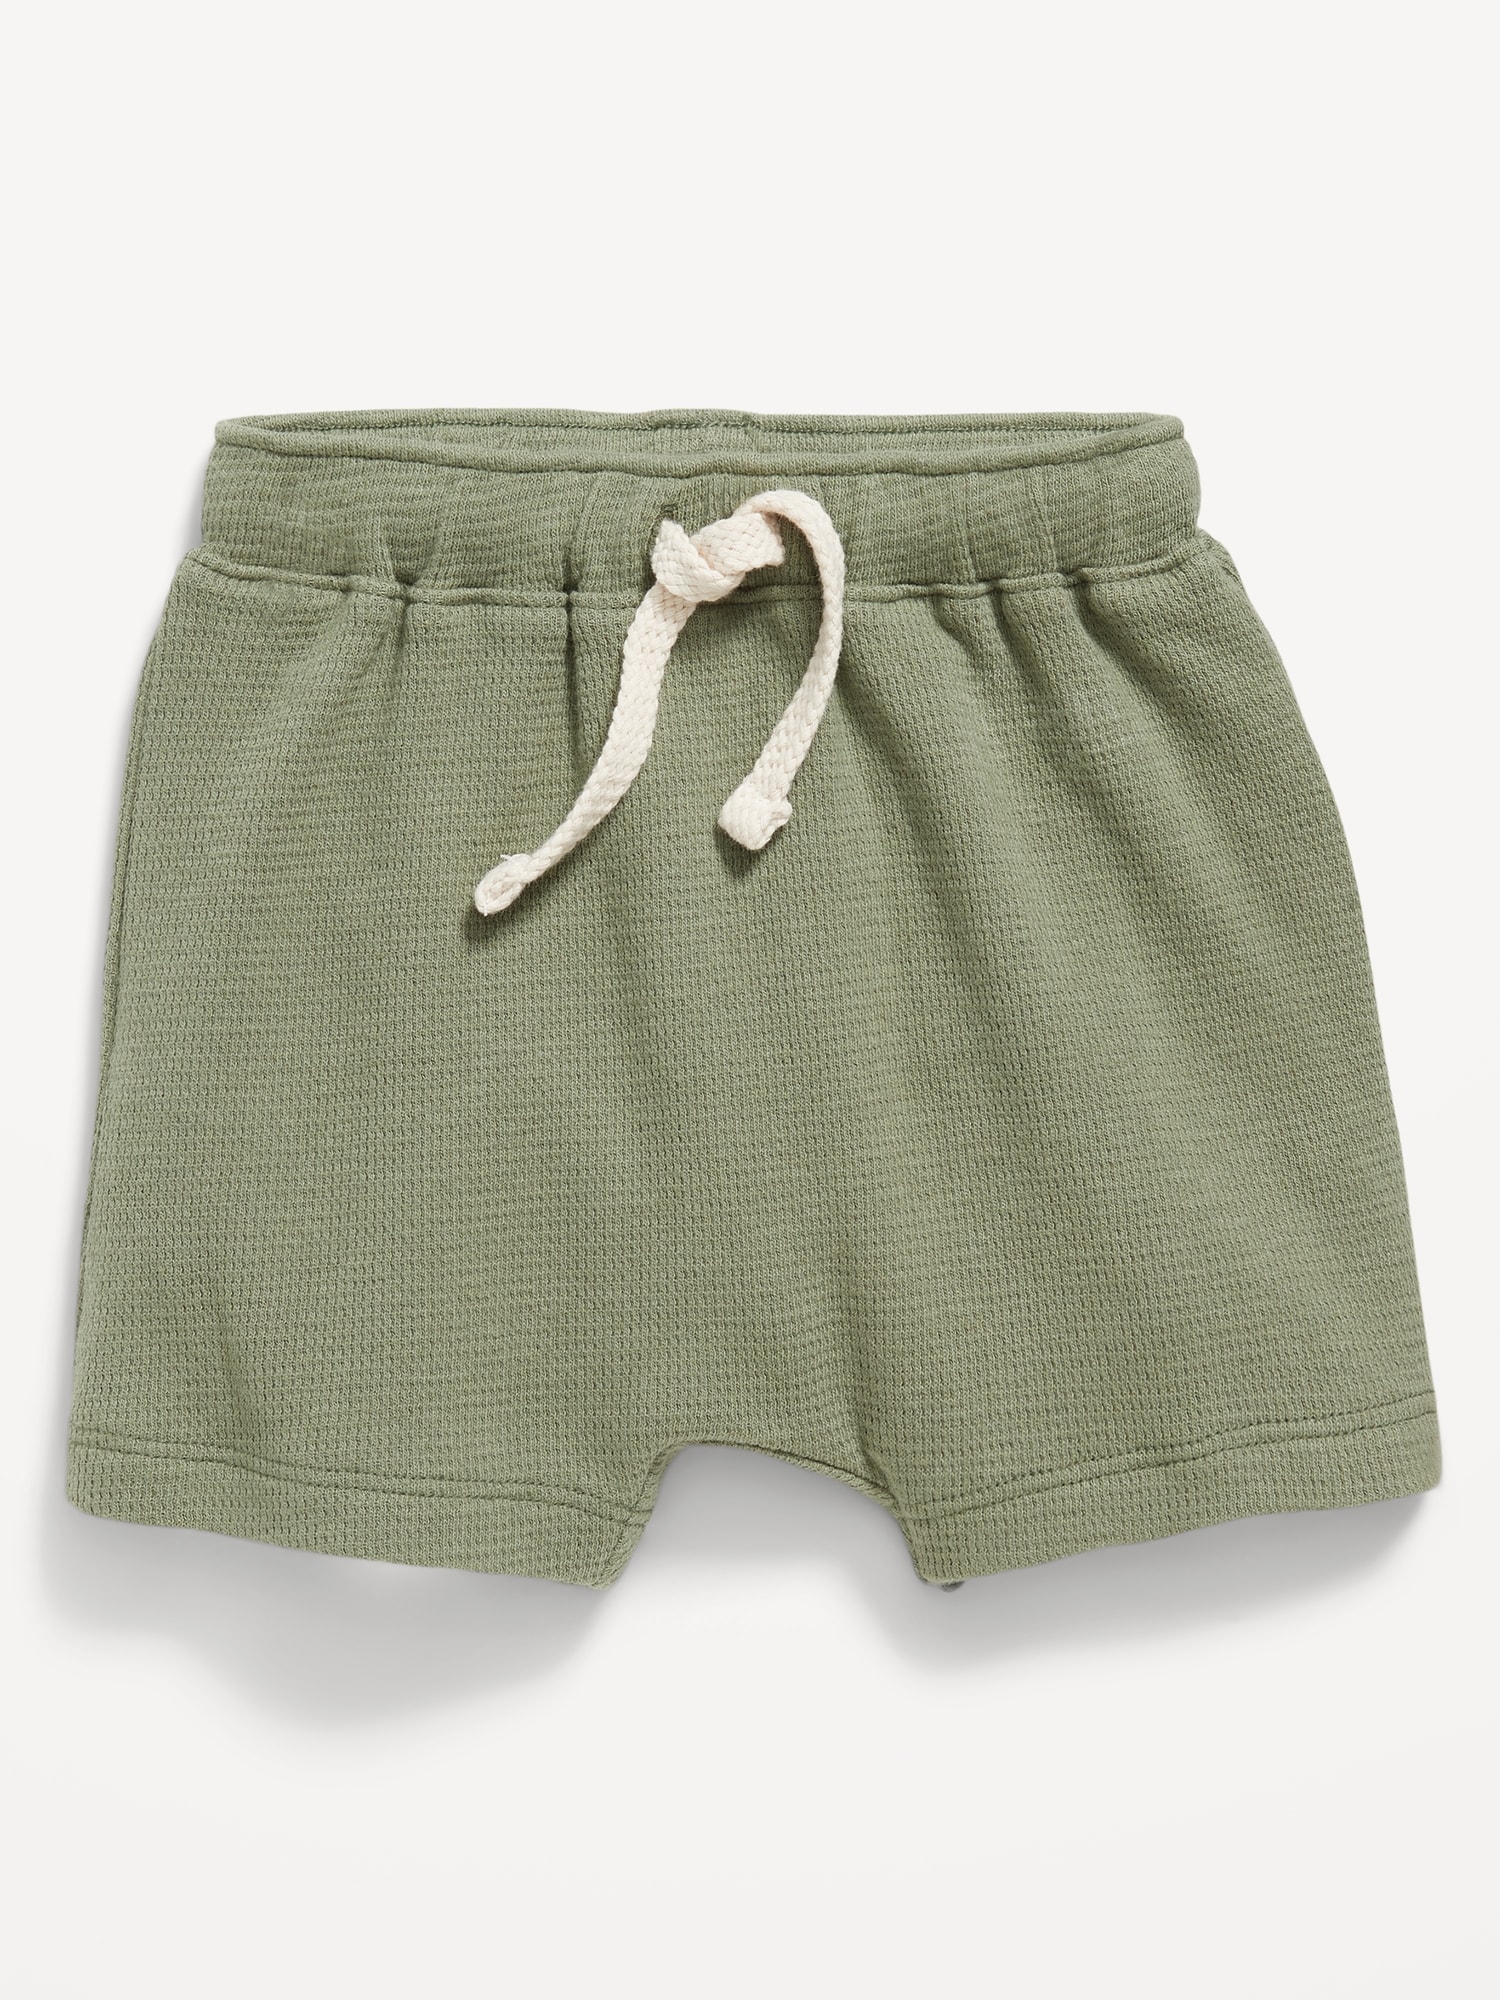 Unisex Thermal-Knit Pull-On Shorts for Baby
....
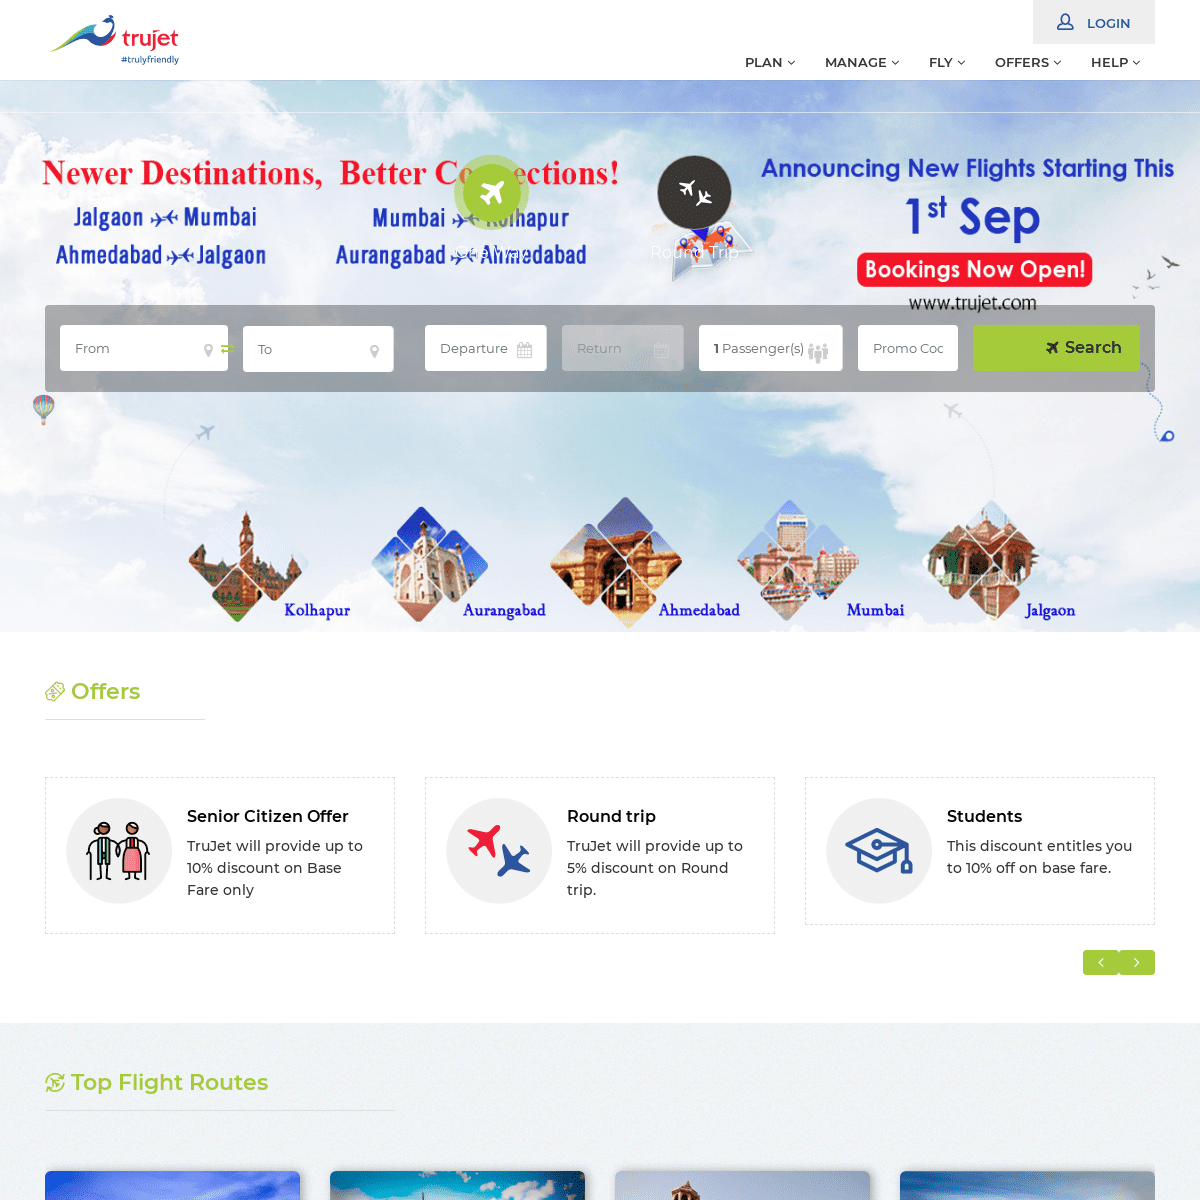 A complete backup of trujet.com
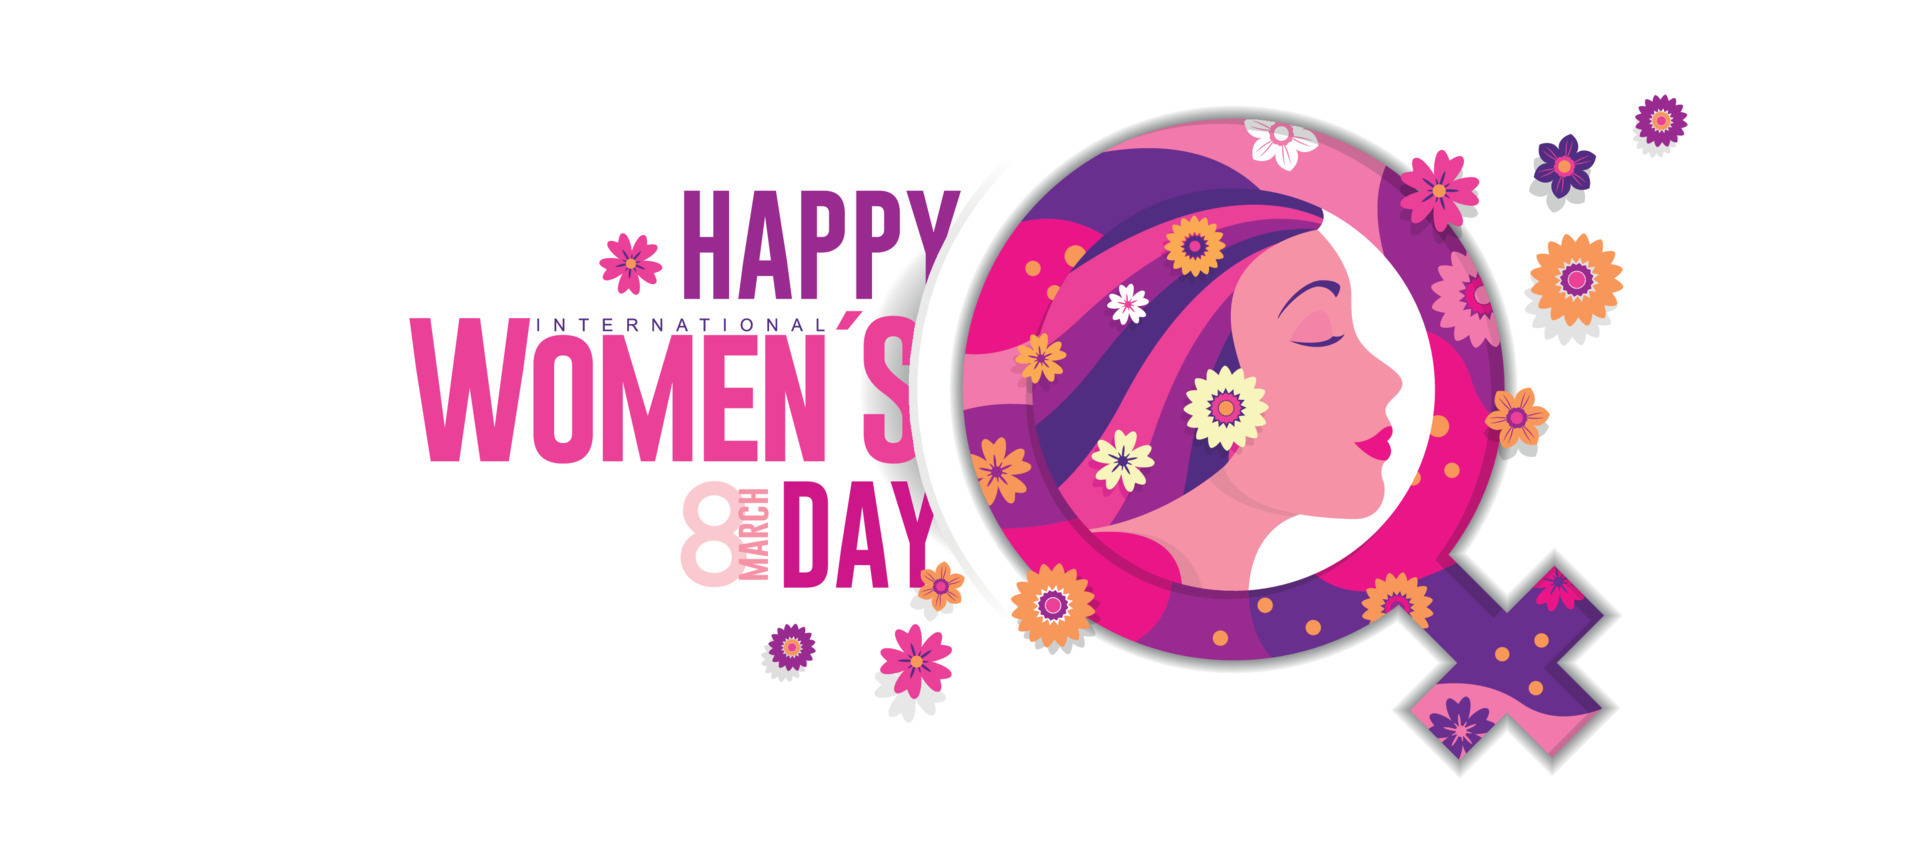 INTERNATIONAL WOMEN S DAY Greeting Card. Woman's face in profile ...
....
Problem requirements: When copying from the data above, begin at the line containing "A complete backup of trujet.com" and end at the line containing "INTERNATIONAL WOMEN S"; return those lines exactly and leave all pictures behind.

Result for this task:
 A complete backup of trujet.com
 INTERNATIONAL WOMEN S DAY Greeting Card. Woman's face in profile ...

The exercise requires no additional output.